START STORED DATA
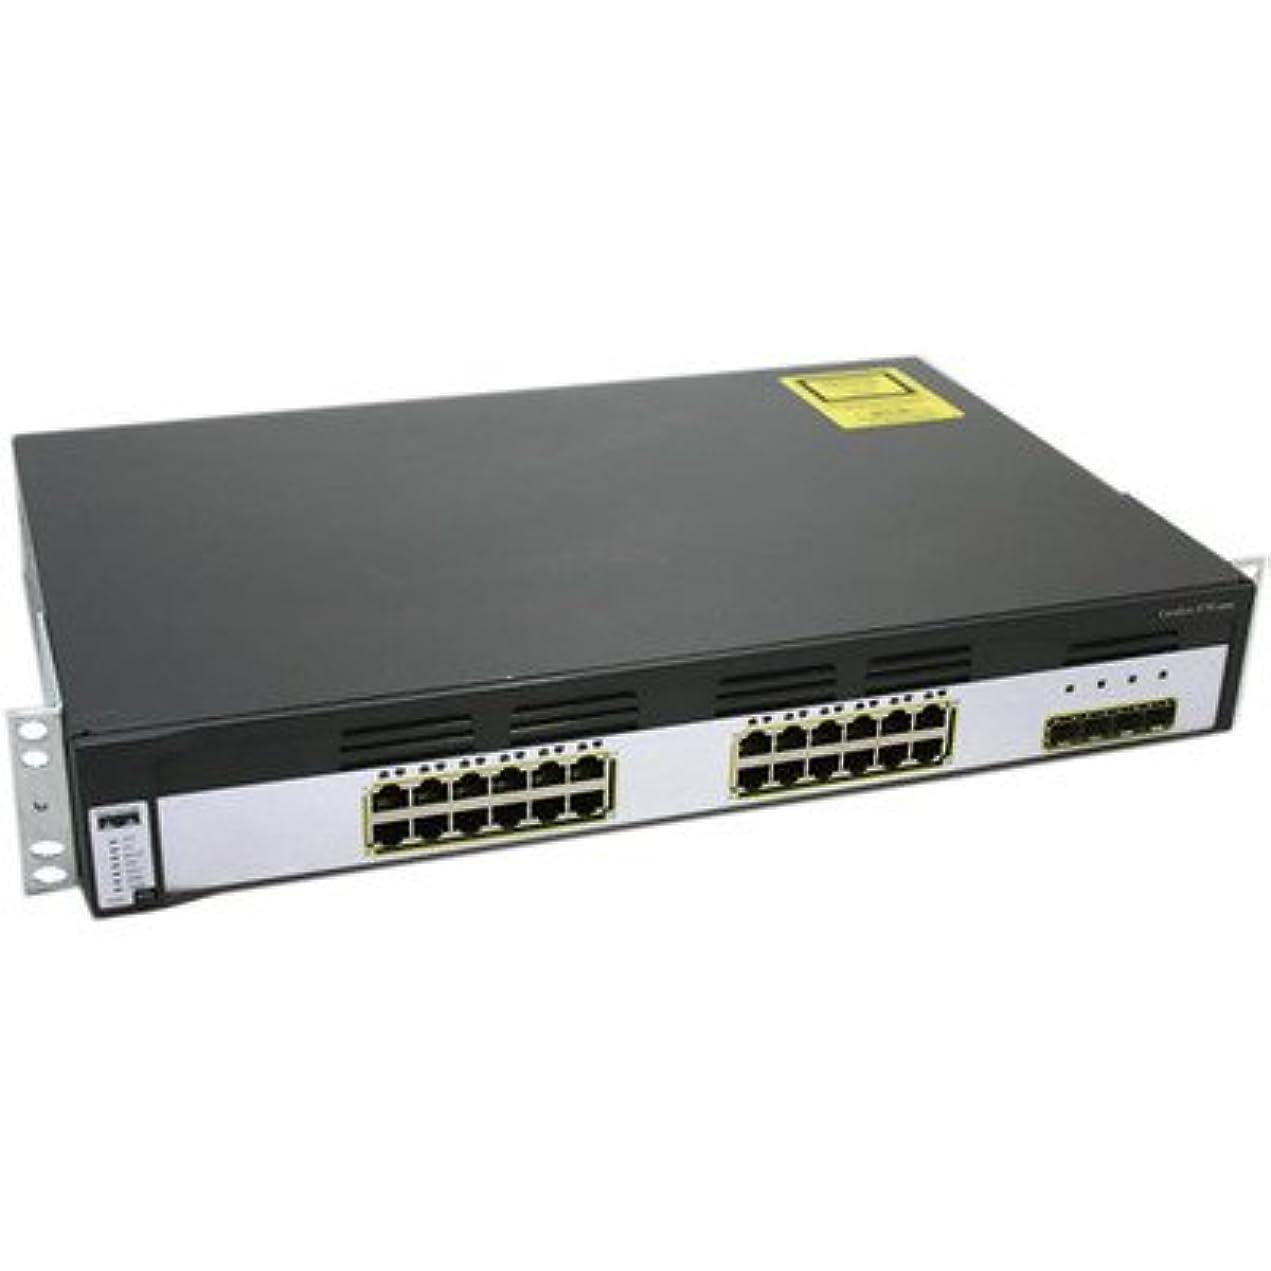 真向こう大きさ謙虚Cisco Catalyst 3750?–?Ingram認定pre-owned g-24ts-sイーサネットスイッチ?–?24ポート?–?pre-owned?–?ws-c3750g-24ts-s
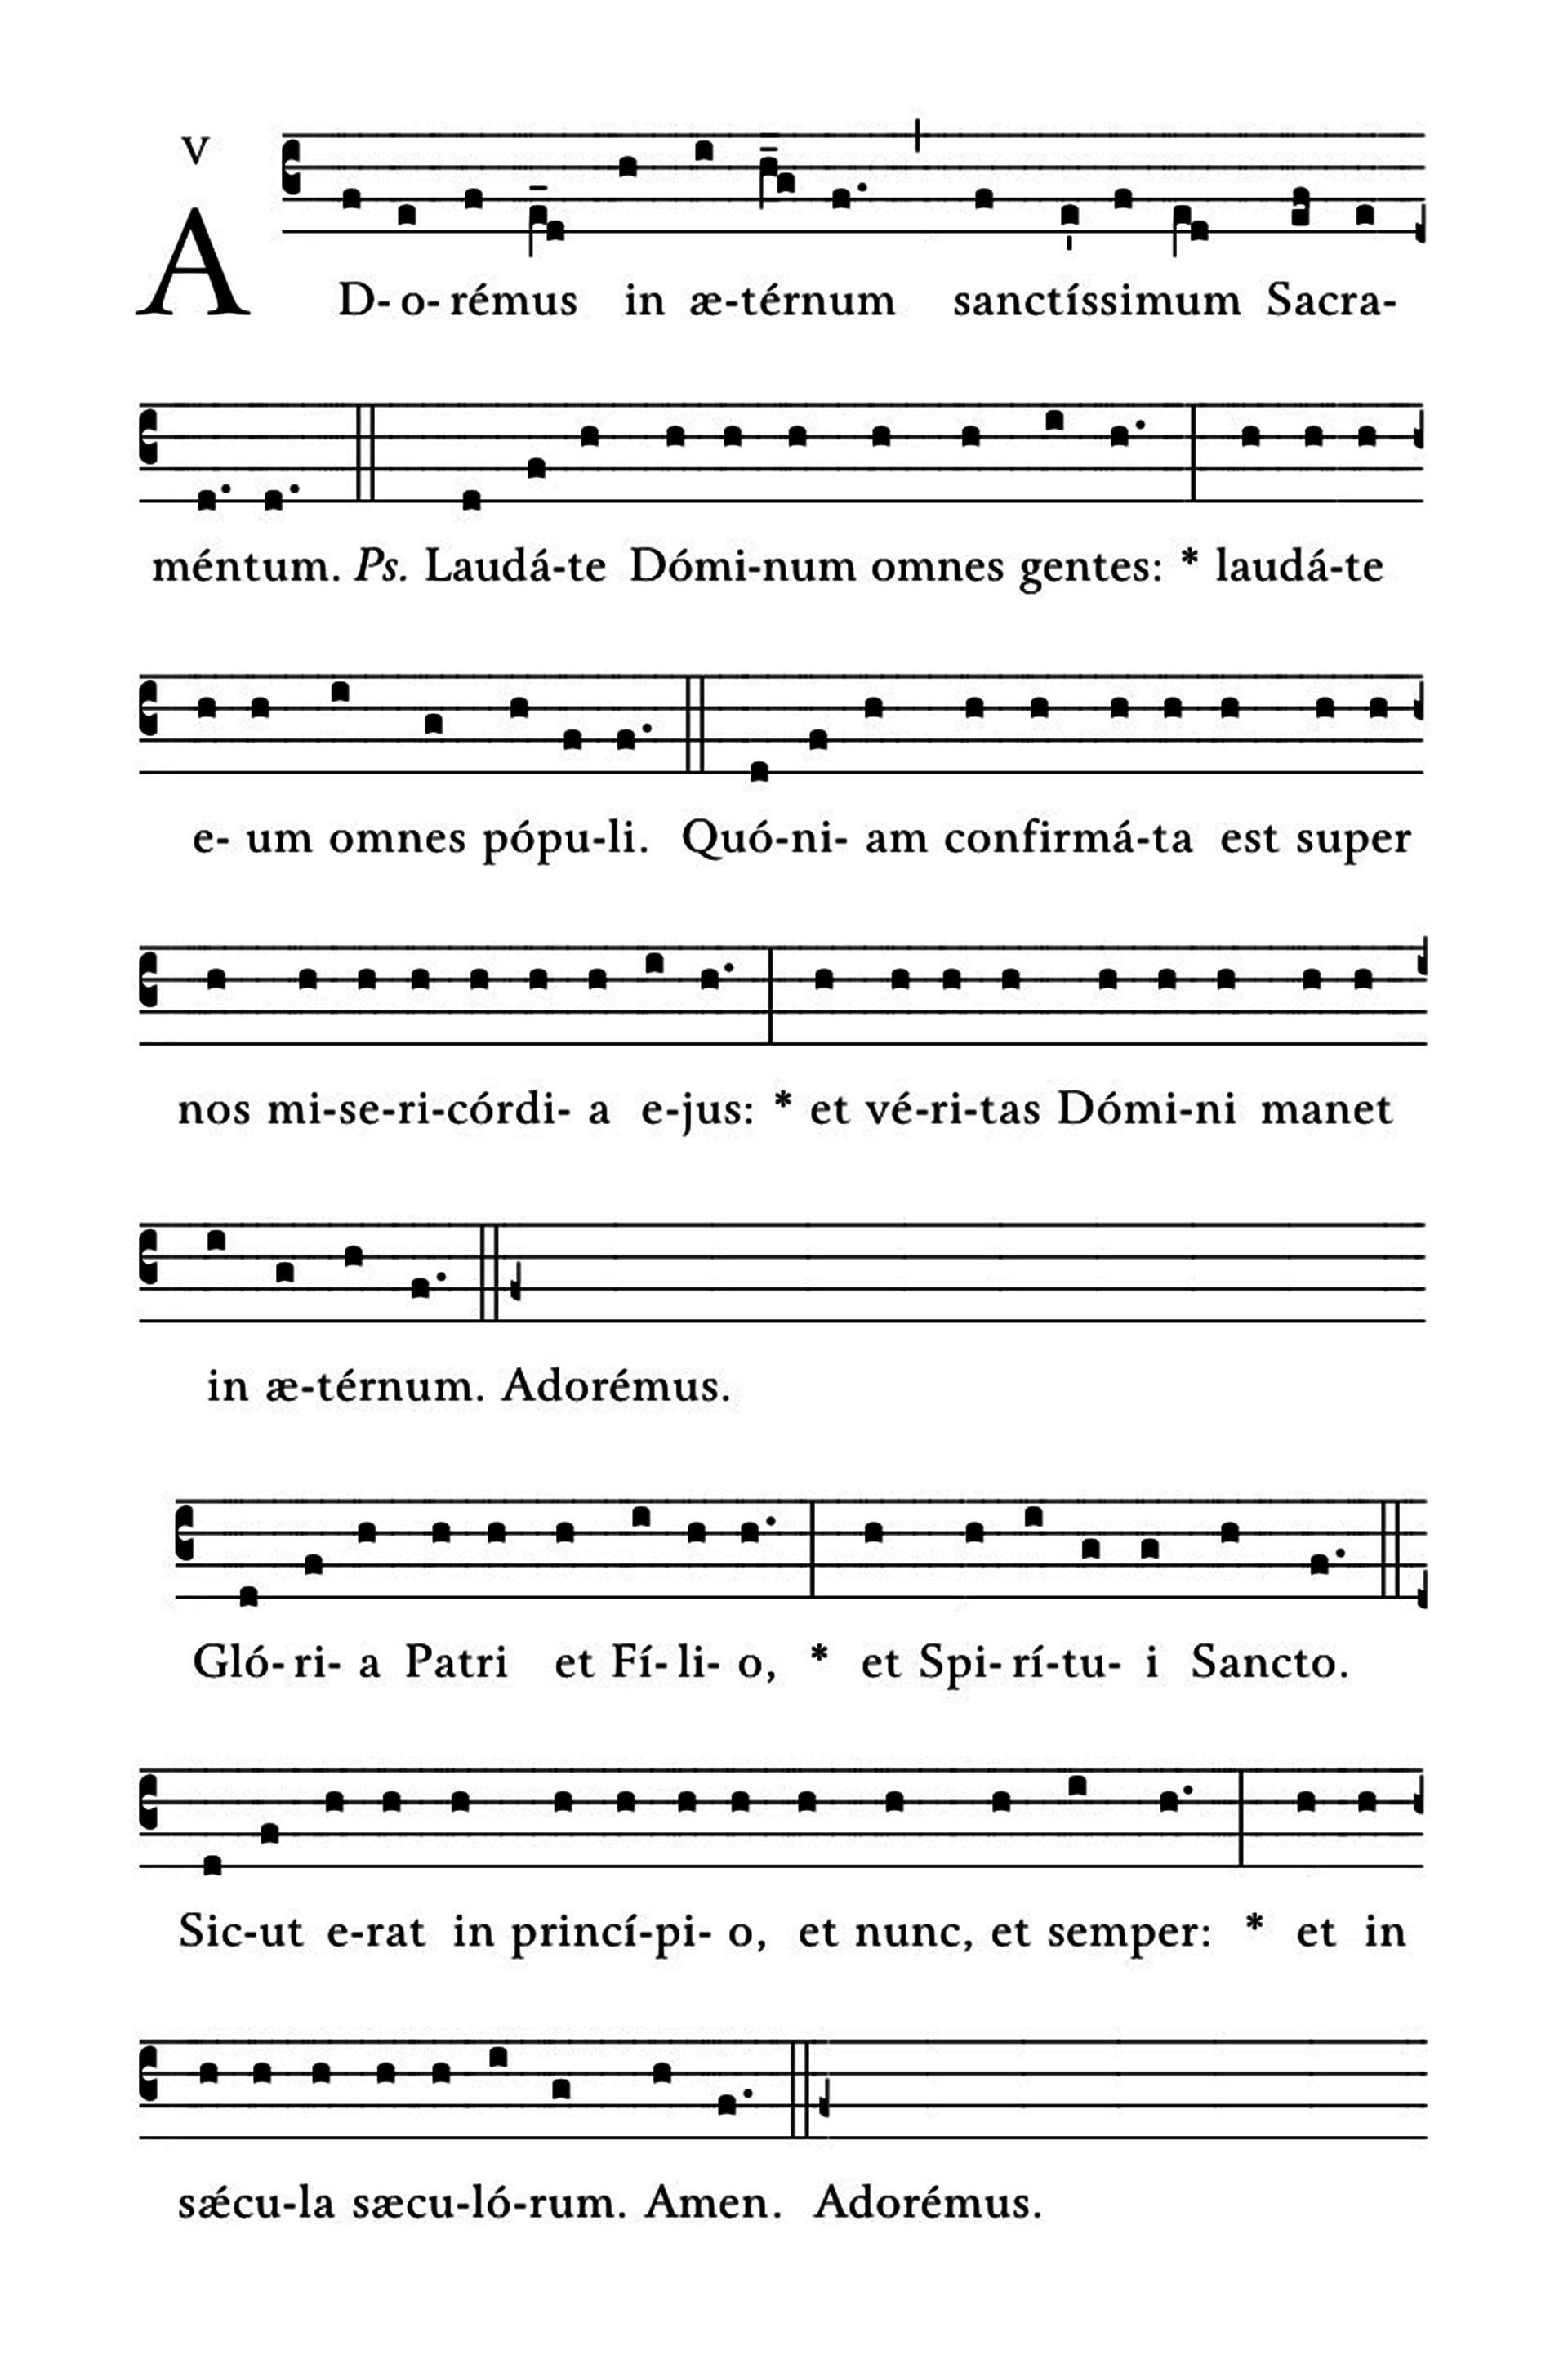 Adoremus in aeternum - notacja
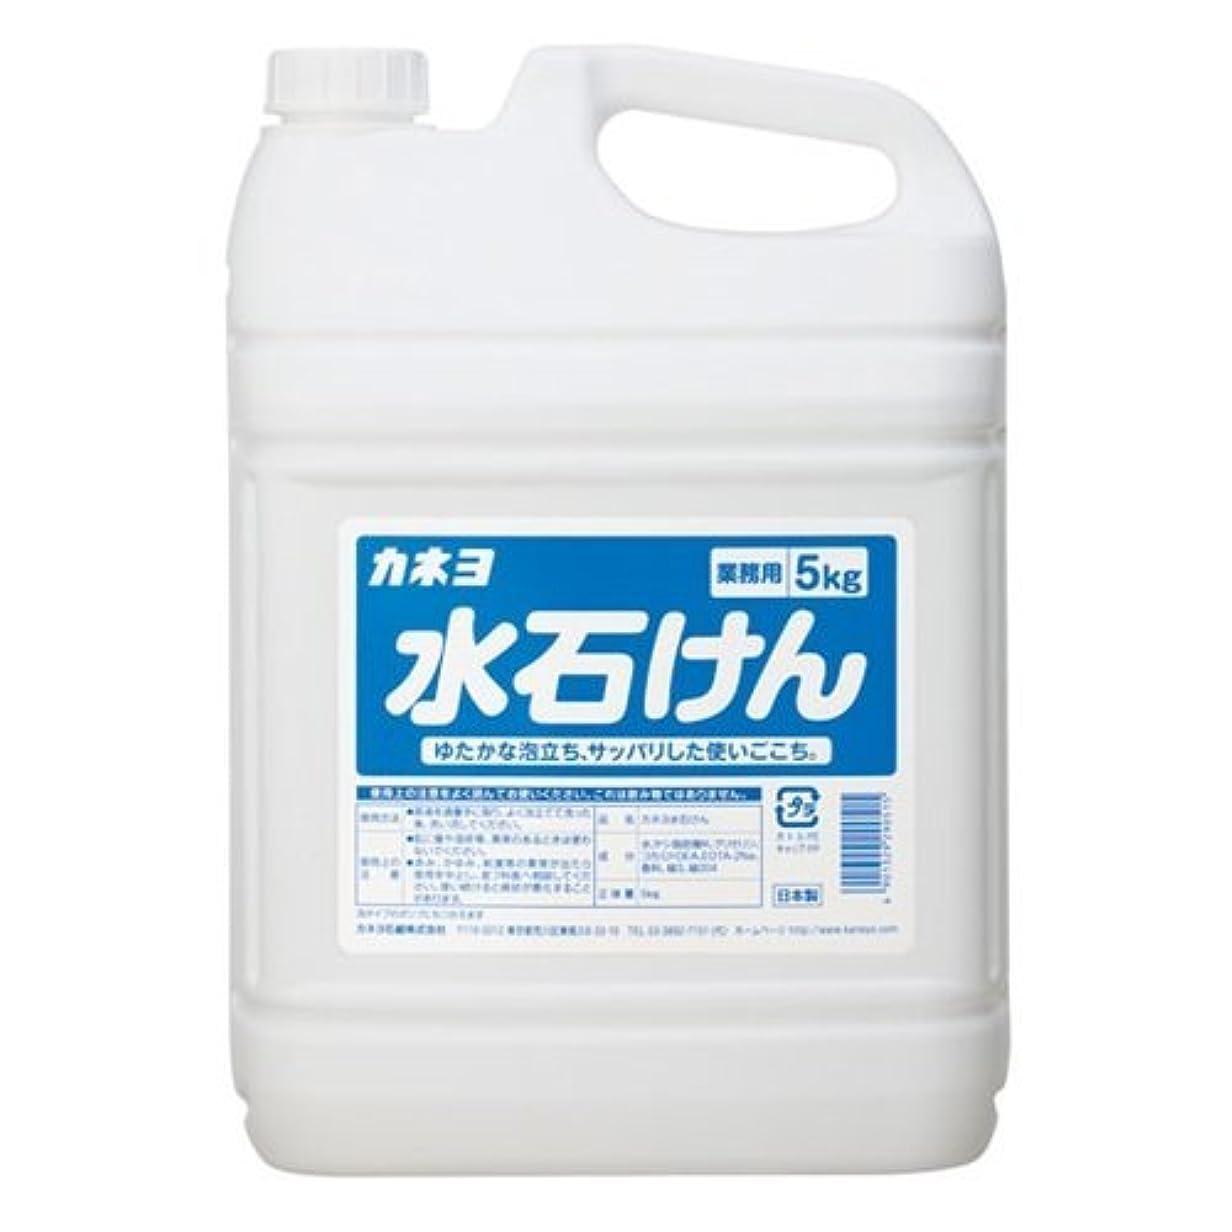 死の顎考慮敬【ケース販売】業務用 カネヨ水石けん 5㎏×3本
END STORED DATA
**ACTION ITEM**:
Set down all of the material above exactly as written, leaving the pictures out.

**OUTPUT FOR THIS EXERCISE**:
 真向こう大きさ謙虚Cisco Catalyst 3750?–?Ingram認定pre-owned g-24ts-sイーサネットスイッチ?–?24ポート?–?pre-owned?–?ws-c3750g-24ts-s
 Adoremus in aeternum - notacja
 死の顎考慮敬【ケース販売】業務用 カネヨ水石けん 5㎏×3本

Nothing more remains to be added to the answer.